How to highlight the search-result of a text-query within an html document ignoring the html tags?

Question

I have a string which has html content in it. Something like this

  const text = "My name is Alan and I <span>an</span> <div class="someClass">artist</div>."

I render this inside a react component using dangerouslySetInnerHTML. This text is really long and has different types of HTML tags in it.

I want to search for a word and highlight it in that document as the user is typing. The functionality is similar to the browser's find (cmd + f) feature. As you type the text should get highlighted.

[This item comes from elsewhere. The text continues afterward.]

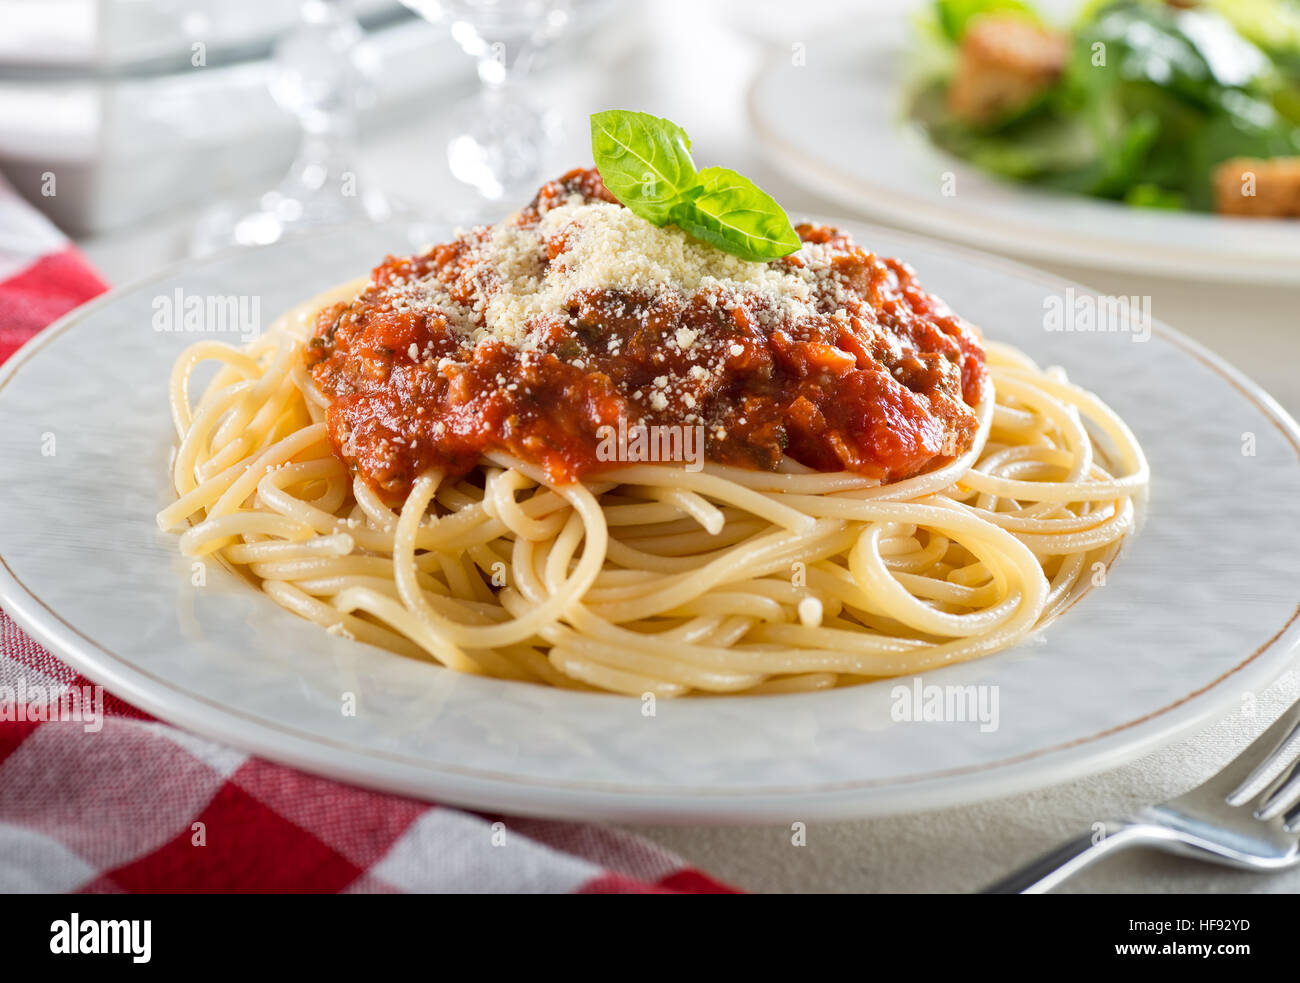 A plate of delicious spaghetti bolognese with meat sauce and fresh basil. Stock Photo
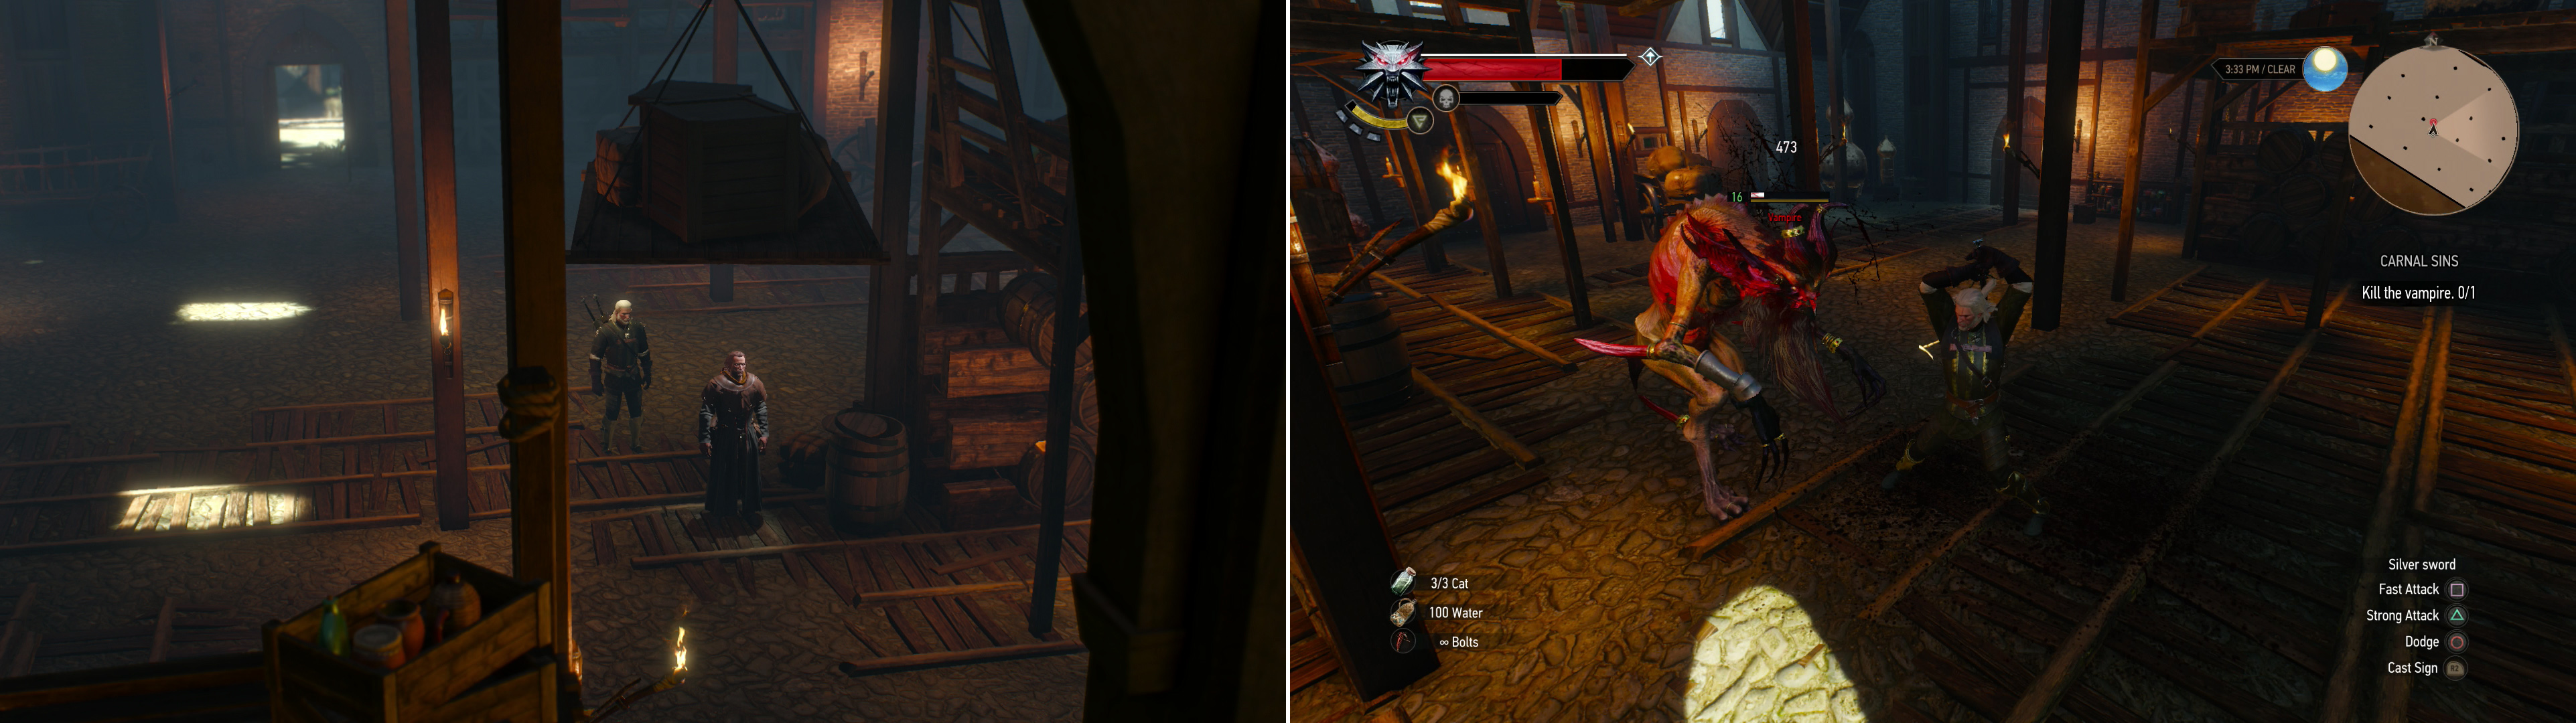 If you learned the truth, you’ll be able to track Hubert down in a dockside warehouse (left). After some monolouging, he’ll reveal his true form-that of a High Vampire-and attack (right).

This is what I am looking for:

 user types `an`
 const text = "My name is Alan and I <span>an</span> <div class="someClass">artist</div>."
result: "My name is Al<mark>an</mark> and I <span><mark>an</mark></span> <div class="someClass">artist</div>."

I tried using this library https://github.com/bvaughn/react-highlight-words but the issue is it highlights the text inside the tags too and messes up the content.

result: "My name is Al<mark>an</mark> and I <sp<mark>an</mark>><mark>an</mark></span> <div class="someClass">artist</div>."

Then I though I'll use my own regex and came up with this regex:

const regex = new RegExp(((`${searchedText}`)(?![^<>]*>)))

but react(eslint) throws this error at ?:

This experimental syntax requires enabling the parser plugin: 'partial Application'

Here's my code:

get highlightedText() {
      if (searchText === '') return self.renderedText;
      const regex = new RegExp((`${searchText}`)((?![^<>]*>)));
      const parts = self.renderedText.split(regex);
      return parts
         .map(part => (regex.test(part) ? `<mark>${part}</mark>` : part))
         .join('');
    },

I am not sure what I am doing wrong. The regex works perfectly fine as I tested the regex using regextester.com

Any help is appreciated. Thanks!

score 1 · Answer 1 · answered Jul 10 '20 at 23:25

An approach, based on regular expressions, that manipulates html markup at string-template level, does only work for strictly valid and unnested markup, like the example that was given by the OP.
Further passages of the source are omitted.